I can get array [ 2 7 9] using a[np.arange(a.shape[0]), [2, 3, 1]] So I wonder if there is a similar way when elements become subarrays.

It is not a slice. In slice you sort-of cut through the whole array. Here you glued different parts of the array together. — zegkljan, Apr 17 '16 at 05:55
@zegkljan: Thank you for pointing out. I have already changed my expression. — Jeff Dong, Apr 17 '16 at 06:26

B. M. · Accepted Answer · 2016-04-17T17:00:46.580

A simple idea would be a[[0,1,2],[0:2,1:3,0:2],[0:2,2:4,2:4]] , but it is not implemented.

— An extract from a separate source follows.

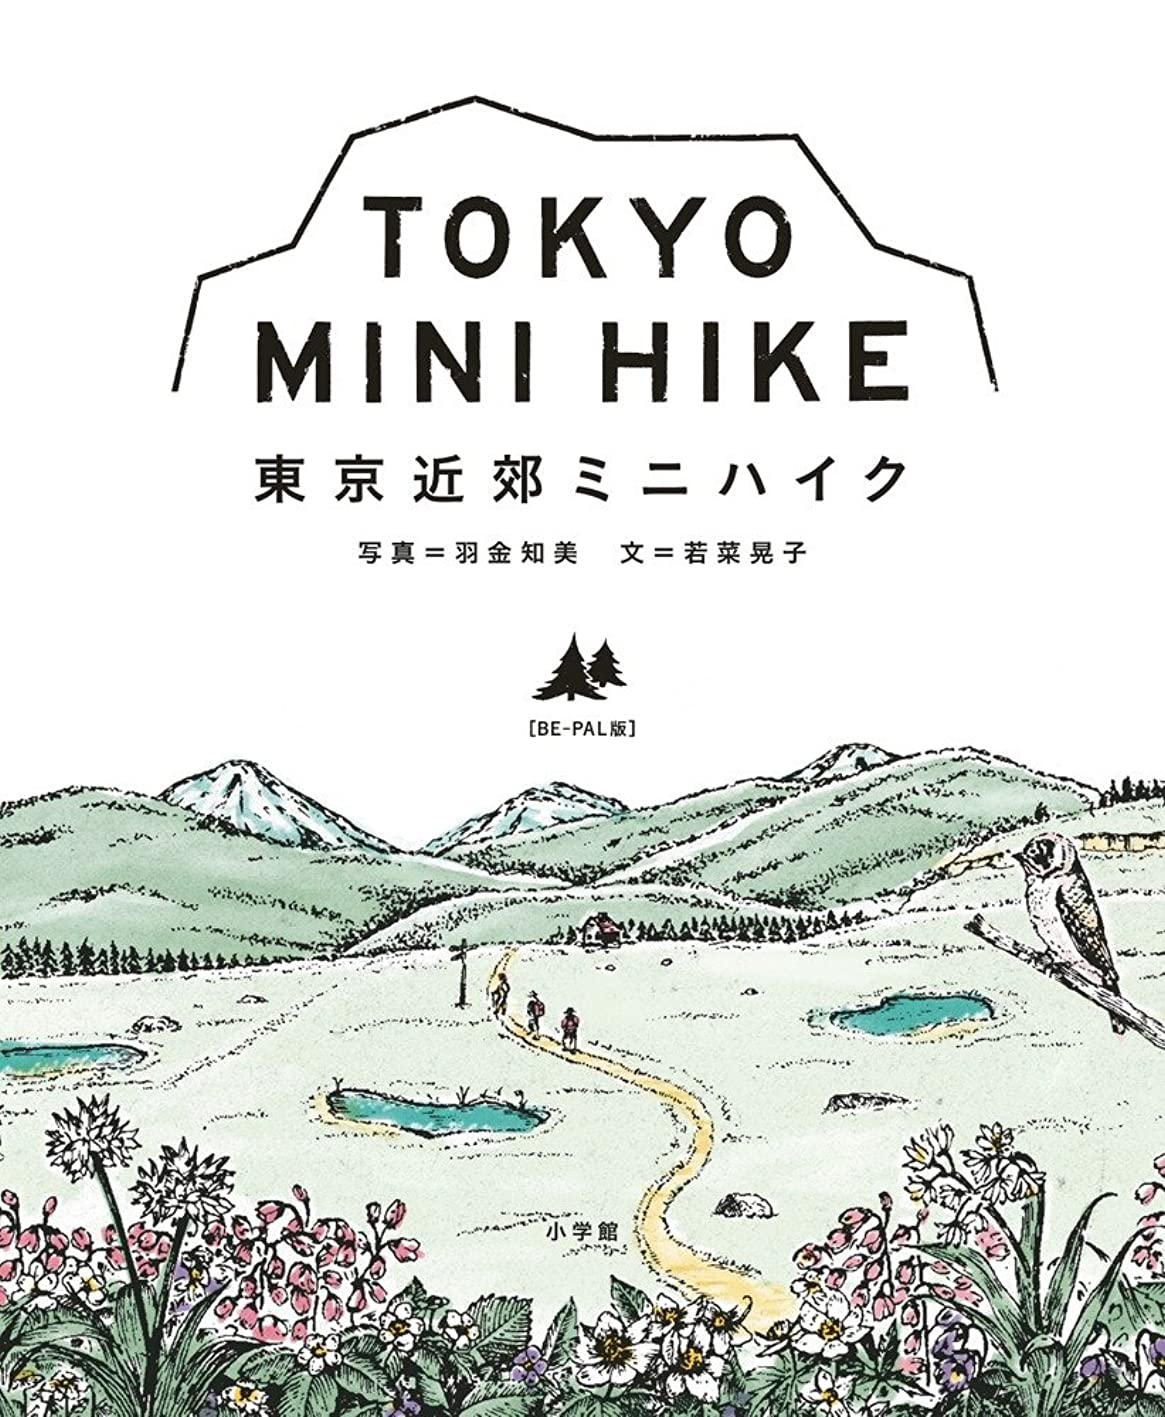 水平支援肌東京近郊ミニハイク〔BE-PAL版〕: TOKYO MINI HIKE (実用単行本)

A workaround can be obtained with np.lib.stride_tricks.as_strided. Just define :

ast=np.lib.stride_tricks.as_strided(a,a.shape*2,a.strides*2)
#ast.shape is (3, 3, 4, 3, 3, 4).

Then you can define separately origin and size of blocs:

In [4]: ast[[0,1,2],[0,1,0],[0,2,2],0,:2,:2]
Out[4]: 
array([[[ 0,  1],
        [ 4,  5]],

       [[18, 19],
        [22, 23]],

       [[26, 27],
        [30, 31]]])

Some explanations :

origin :

You want to find the blocs beginning with elements 0,18,26 .

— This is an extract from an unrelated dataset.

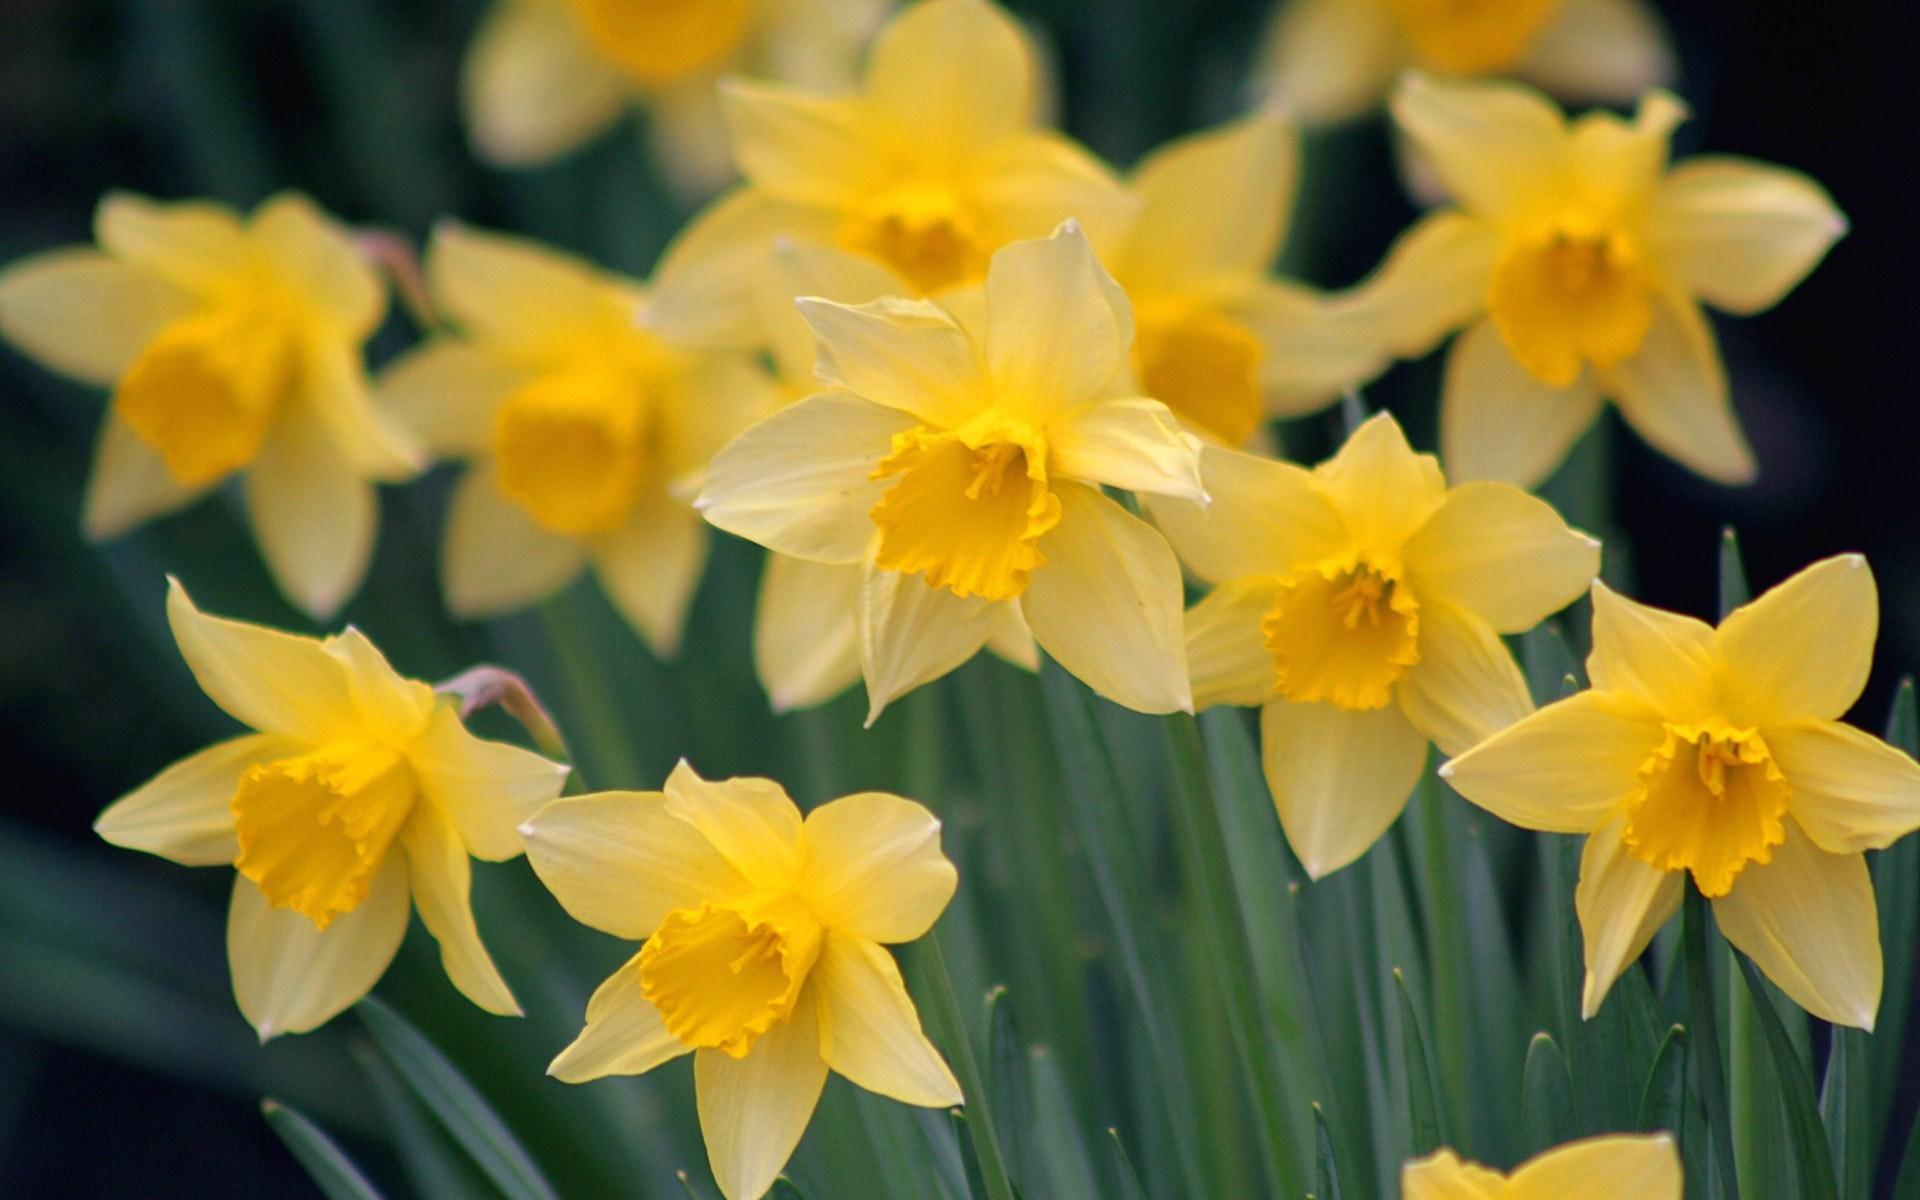 daffodils flower beautiful

their indices in the reshaped array can be found by :

In [316]: np.unravel_index([0,18,26],a.shape)
Out[316]: 
(array([0, 1, 2], dtype=int64),
 array([0, 1, 0], dtype=int64),
 array([0, 2, 2], dtype=int64))

ast[[0,1,2],[0,1,0],[0,2,2]] is a (3,3,3,4) array. each (3,3,4) array begin with a selected element.

array([[[[          0,           1,           2,           3],
         [          4,           5,           6,           7],
         [          8,           9,          10,          11]],

        [[         12,          13,          14,          15],
         [         16,          17,          18,          19],
         [         20,          21,          22,          23]],

        [[         24,          25,          26,          27],
         [         28,          29,          30,          31],
         [         32,          33,          34,          35]]],


       [[[         18,          19,          20,          21],
         [         22,          23,          24,          25],
         [         26,          27,          28,          29]],

        [[         30,          31,          32,          33],
         [         34,          35,    23592960,       18335],
         [  697780028, -2147480064,   540876865,  1630433390]],

        [[ 2036429426,   538970664,   538976288,  1532698656],
         [  741355058,   808334368,   775168044,   874523696],
         [  744304686,   538976266,   538976288,   811278368]]],


       [[[         26,          27,          28,          29],
         [         30,          31,          32,          33],
         [         34,          35,    23592960,       18335]],

        [[  697780028, -2147480064,   540876865,  1630433390],
         [ 2036429426,   538970664,   538976288,  1532698656],
         [  741355058,   808334368,   775168044,   874523696]],

        [[  744304686,   538976266,   538976288,   811278368],
         [  539766830,   741355058,   808333600,   775036972],
         [  170679600,   538976288,   538976288,   774920992]]]])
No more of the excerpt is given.